The University of Pennsylvania experienced a cyber incident on Oct. 31, in which a series of mass emails were sent to students, parents, faculty and alumni. These emails were sent from accounts associated with the Graduate School of Education and were addressed to the University’s community at large.
The content of the mass emails contained condemnations of the University’s institutional purpose and security practices. A section of an email states, “We hire and admit morons because we love legacies, donors, and unqualified affirmative action admits.”
A spokesperson for the University has stated that these critiques “are in no way reflective of Penn or Penn GSE’s mission or actions.” Furthermore, the spokesperson assured that the University is “actively and quickly investigating and taking immediate steps to stop these emails from being sent.”
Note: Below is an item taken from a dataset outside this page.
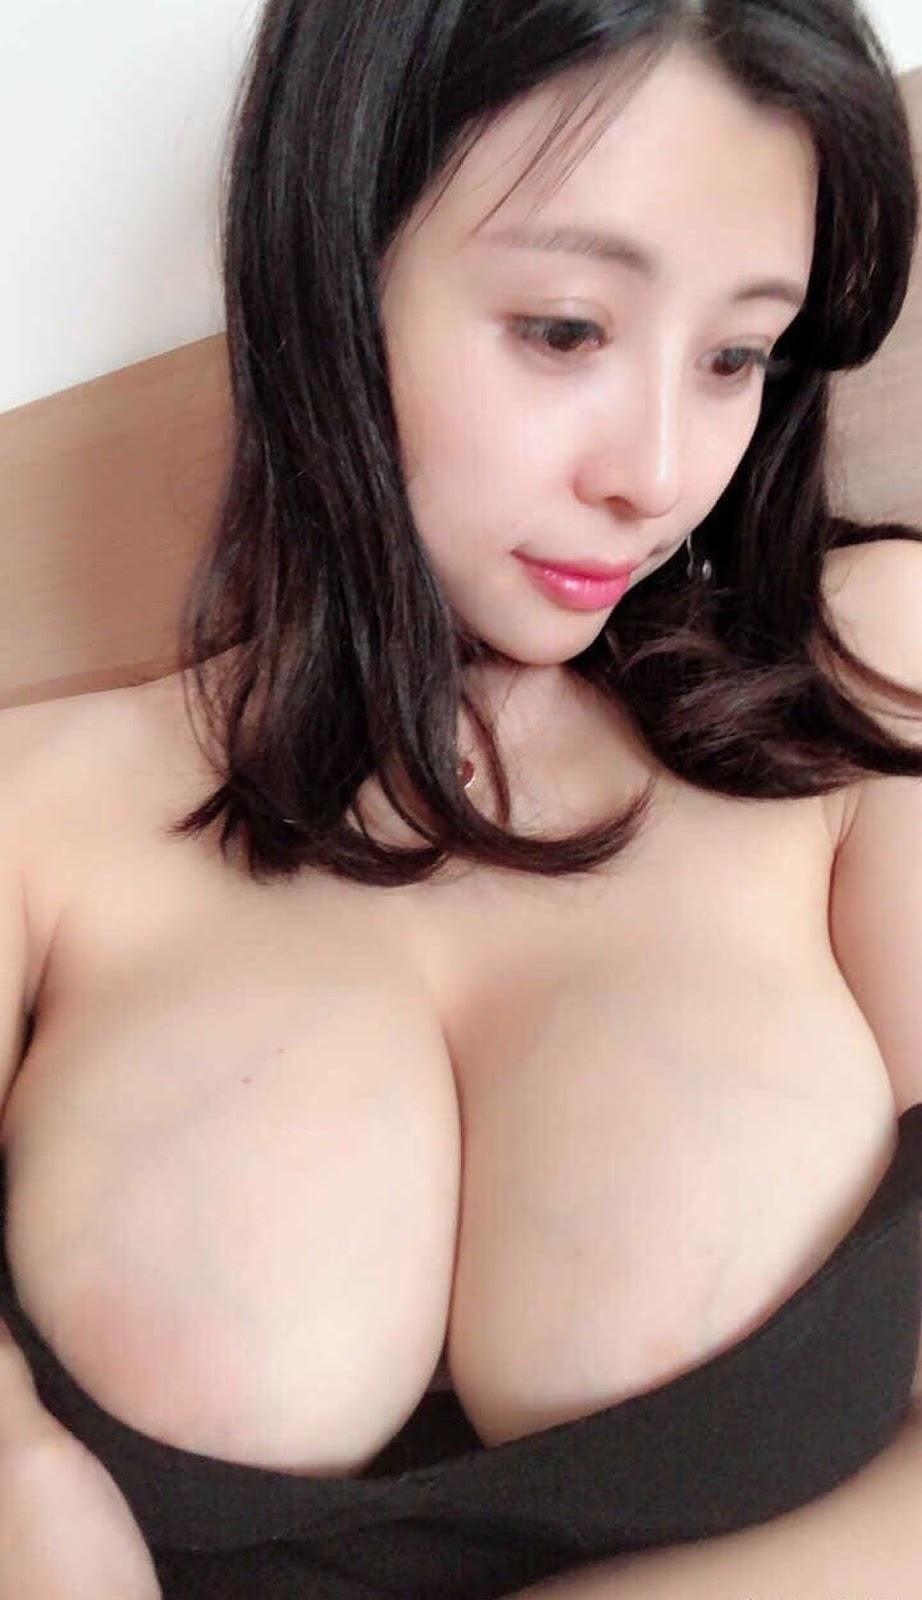 aHR0cHM6Ly93d3cubXlteXBpYy5uZXQvZGF0YS9hdHRhY2htZW50L2ZvcnVtLzIwMTkwOC8yMC8wODM0MTd6ODNtOGlrazZtZXQ4dmg0LmpwZy50aHVtYi5qcGc%253D - 成都瓶儿 - Chengdu Pinger big tits selfie nude 2020

While the investigation is still in preliminary stages, the alleged threat actor has contacted BleepingComputer and claimed to have gained complete access to an employee’s PennKey SSO account, which permitted them “access to Penn’s VPN, Salesforce data, Qlik analytics platform, SAP business intelligence system, and SharePoint files.”
According to the threat actor’s claims, they were able to exfiltrate the data of approximately 1.2 million students, alumni, and donors. Compromised information allegedly includes:
- Names
- Dates of birth
- Phone numbers
- Addresses
- Donation history
- Estimated net worth
- Demographic information (such as race, religion or sexual orientation)
An archive totaling 1.7 GB has since been published by the hacker, possessing records apparently taken from the University’s systems.